--- DATASET SECTION ---

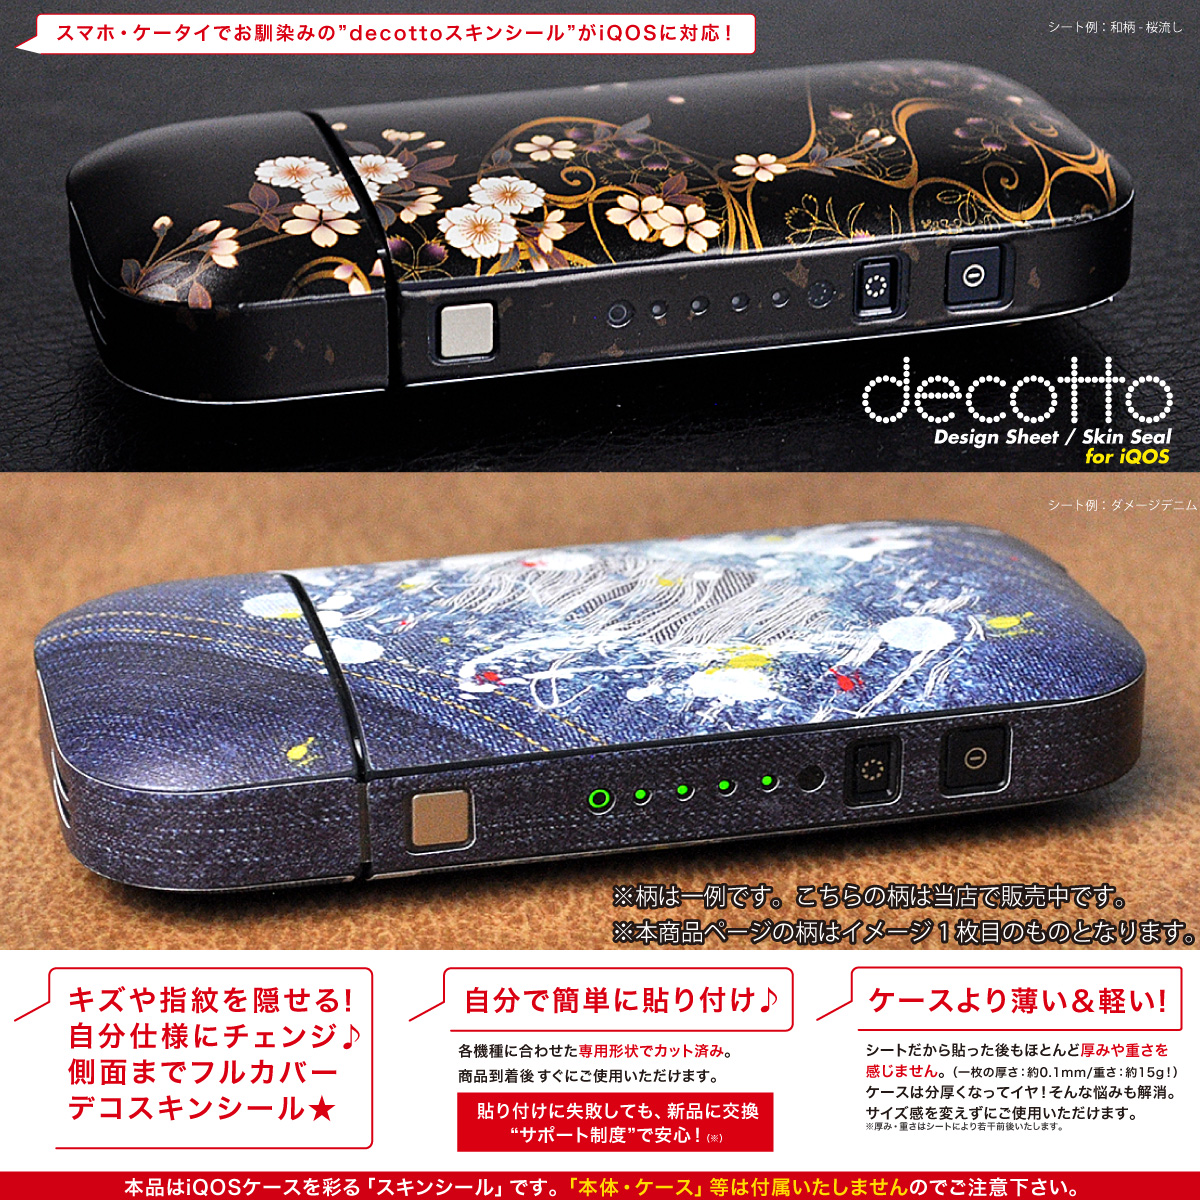 iQOS(アイコス) 専用 デコレーション スキンシール 表面・裏面&側面セット 【 和柄 シリーズ 】
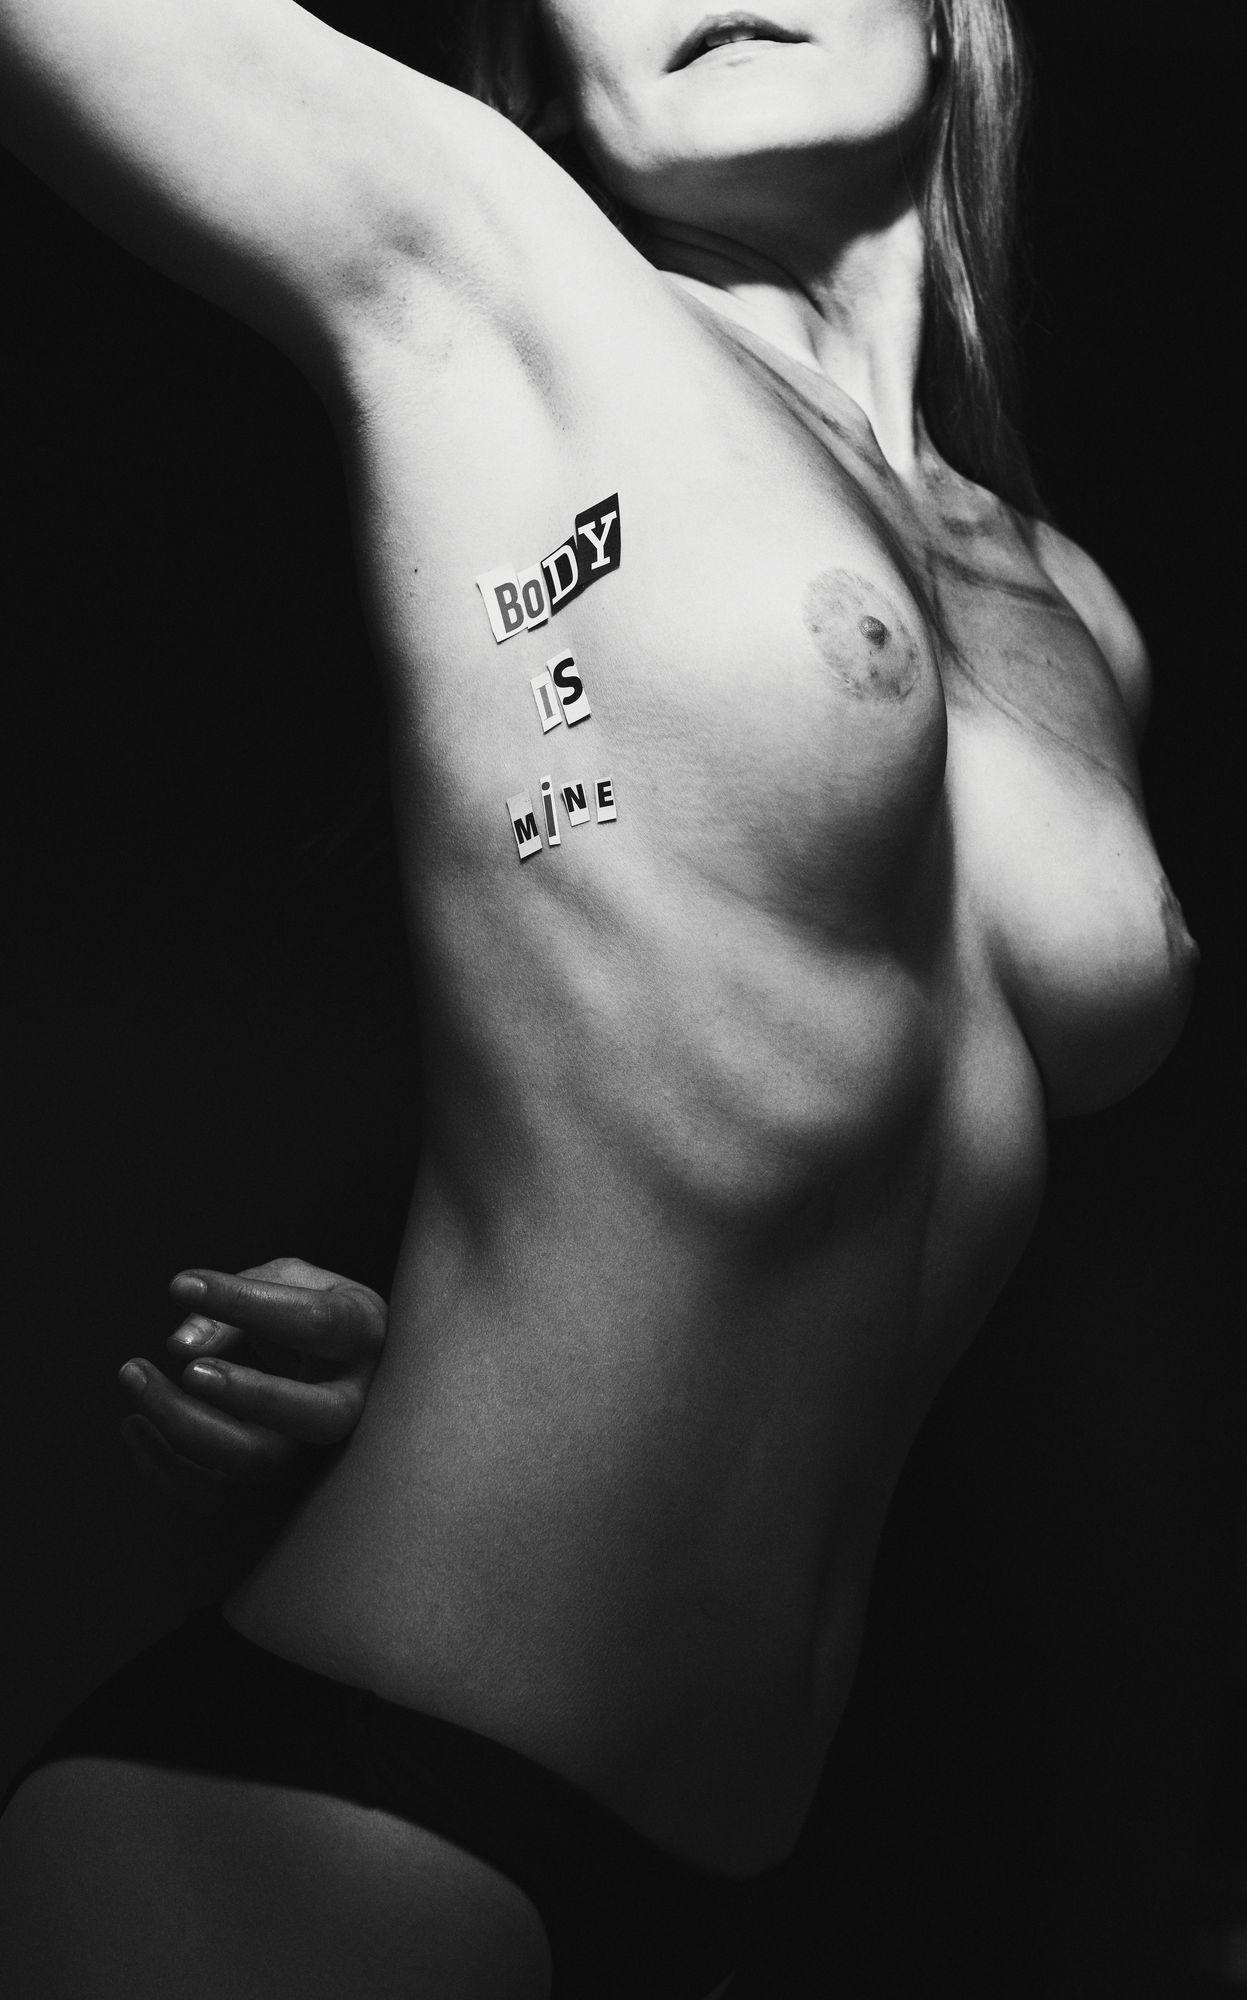 Body is mine
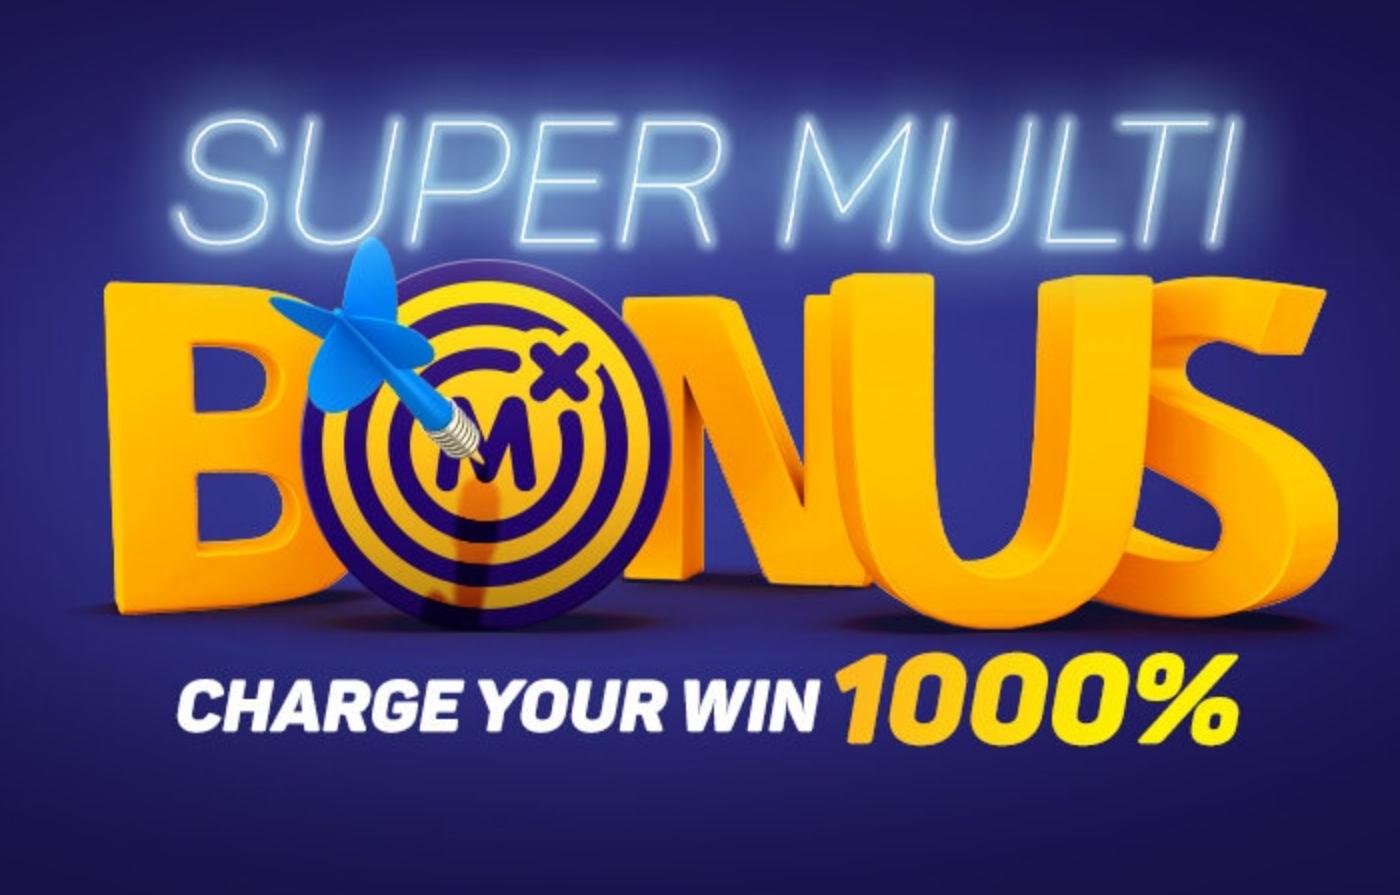 Bonus offers at Mozzart Bet in Kenya

---

• WHAT IS REQUIRED: Leave the pictures out and return the rest of the material exactly.

• SOLUTION FOR THIS TASK:
 iQOS(アイコス) 専用 デコレーション スキンシール 表面・裏面&側面セット 【 和柄 シリーズ 】
 Body is mine
 Bonus offers at Mozzart Bet in Kenya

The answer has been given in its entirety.